Data Hackathon 3.x XGBoost models

Import Libraries:



In [1]:

    
import pandas as pd
import numpy as np
import xgboost as xgb
from xgboost.sklearn import XGBClassifier
from sklearn import cross_validation, metrics
from sklearn.grid_search import GridSearchCV

import matplotlib.pylab as plt
%matplotlib inline
from matplotlib.pylab import rcParams
rcParams['figure.figsize'] = 12, 4









    



/Users/wy/anaconda/envs/condapy2.7/lib/python2.7/site-packages/sklearn/cross_validation.py:44: DeprecationWarning: This module was deprecated in version 0.18 in favor of the model_selection module into which all the refactored classes and functions are moved. Also note that the interface of the new CV iterators are different from that of this module. This module will be removed in 0.20.
  "This module will be removed in 0.20.", DeprecationWarning)
/Users/wy/anaconda/envs/condapy2.7/lib/python2.7/site-packages/sklearn/grid_search.py:43: DeprecationWarning: This module was deprecated in version 0.18 in favor of the model_selection module into which all the refactored classes and functions are moved.
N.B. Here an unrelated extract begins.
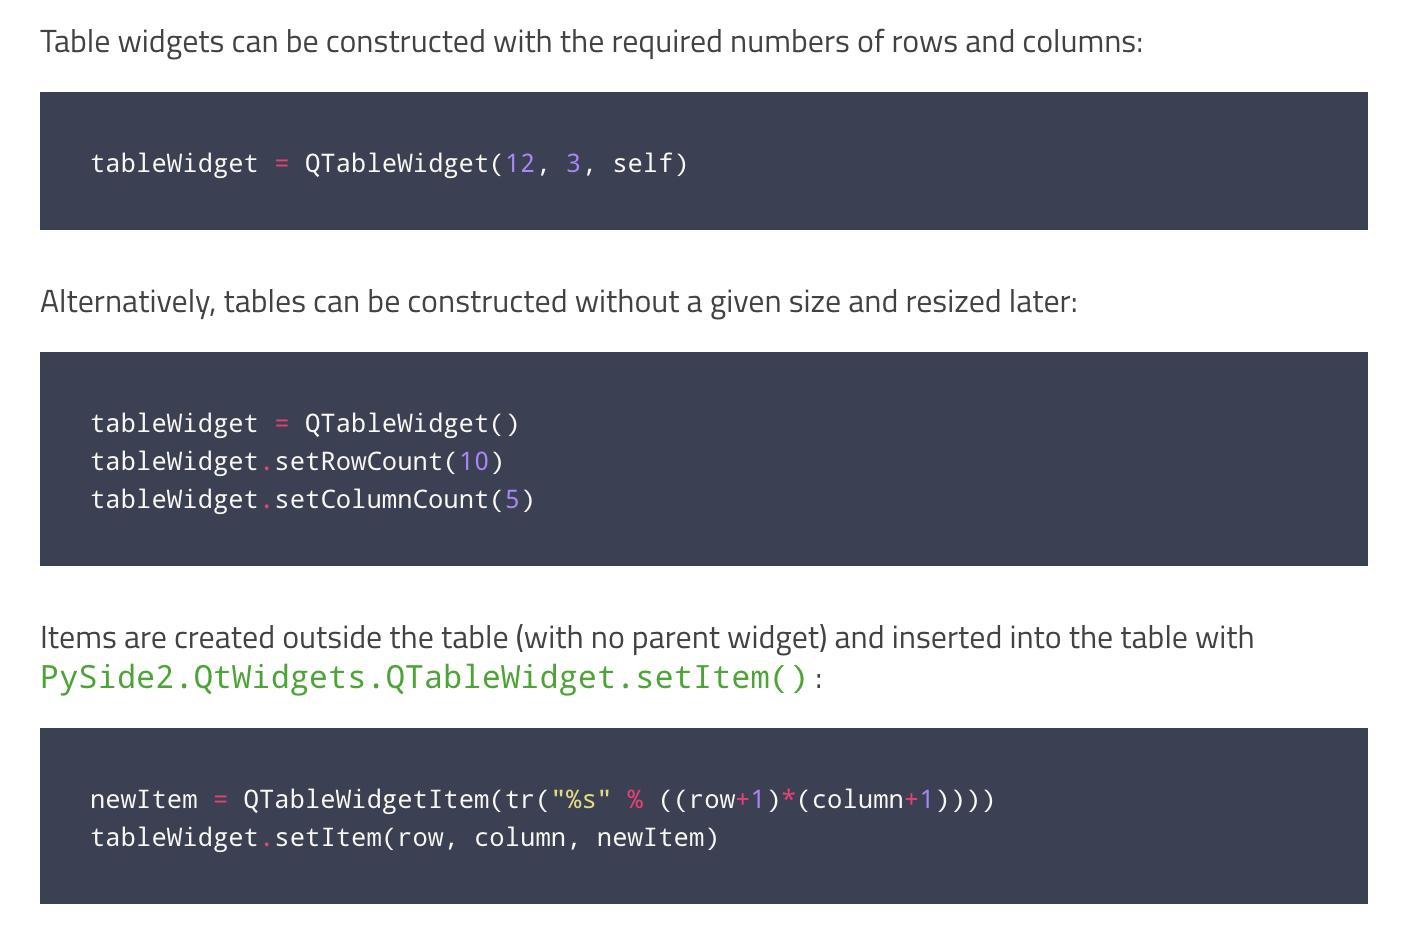 Houdini+ローカルDB〜Qt+SQLiteを使った簡易システム構築〜 - Qiita

This module will be removed in 0.20.
  DeprecationWarning)

Load Data:

The data has gone through following pre-processing:

City variable dropped because of too many categories
DOB converted to Age | DOB dropped
EMI_Loan_Submitted_Missing created which is 1 if EMI_Loan_Submitted was missing else 0 | EMI_Loan_Submitted dropped
EmployerName dropped because of too many categories
Existing_EMI imputed with 0 (median) - 111 values were missing
Interest_Rate_Missing created which is 1 if Interest_Rate was missing else 0 | Interest_Rate dropped
Lead_Creation_Date dropped because made little intuitive impact on outcome
Loan_Amount_Applied, Loan_Tenure_Applied imputed with missing
Loan_Amount_Submitted_Missing created which is 1 if Loan_Amount_Submitted was missing else 0 | Loan_Amount_Submitted dropped
Loan_Tenure_Submitted_Missing created which is 1 if Loan_Tenure_Submitted was missing else 0 | Loan_Tenure_Submitted dropped
LoggedIn, Salary_Account removed
Processing_Fee_Missing created which is 1 if Processing_Fee was missing else 0 | Processing_Fee dropped
Source - top 2 kept as is and all others combined into different category
Numerical and One-Hot-Coding performed



In [2]:

    
data_path = '/Users/wy/notebook/dataset/Parameter_Tuning_XGBoost_with_Example/'
train = pd.read_csv(data_path+'train_modified.csv')
test = pd.read_csv(data_path+'test_modified.csv')



In [3]:

    
train.shape, test.shape









    Out[3]:





((87020, 51), (37717, 50))



In [4]:

    
target='Disbursed'
IDcol = 'ID'



In [5]:

    
train['Disbursed'].value_counts()









    Out[5]:





0.0    85747
1.0     1273
Name: Disbursed, dtype: int64

Define a function for modeling and cross-validation

This function will do the following:

fit the model
determine training accuracy
determine training AUC
determine testing AUC
update n_estimators with cv function of xgboost package
plot Feature Importance



In [13]:

    
def modelfit(alg, dtrain, predictors,useTrainCV=True, cv_folds=5, early_stopping_rounds=50):
    
    if useTrainCV:
        xgb_param = alg.get_xgb_params()
        xgtrain = xgb.DMatrix(dtrain[predictors].values, label=dtrain[target].values)
        cvresult = xgb.cv(xgb_param, xgtrain, num_boost_round=alg.get_params()['n_estimators'], nfold=cv_folds,
            metrics='auc', early_stopping_rounds=early_stopping_rounds)
        alg.set_params(n_estimators=cvresult.shape[0])
    
    #Fit the algorithm on the data
    alg.fit(dtrain[predictors], dtrain['Disbursed'],eval_metric='auc')
        
    #Predict training set:
    dtrain_predictions = alg.predict(dtrain[predictors])
    dtrain_predprob = alg.predict_proba(dtrain[predictors])[:,1]
        
    #Print model report:
    print "\nModel Report"
    print "Accuracy : %.4g" % metrics.accuracy_score(dtrain['Disbursed'].values, dtrain_predictions)
    print "AUC Score (Train): %f" % metrics.roc_auc_score(dtrain['Disbursed'], dtrain_predprob)
                    
    feat_imp = pd.Series(alg.booster().get_fscore()).sort_values(ascending=False)
    feat_imp.plot(kind='bar', title='Feature Importances')
    plt.ylabel('Feature Importance Score')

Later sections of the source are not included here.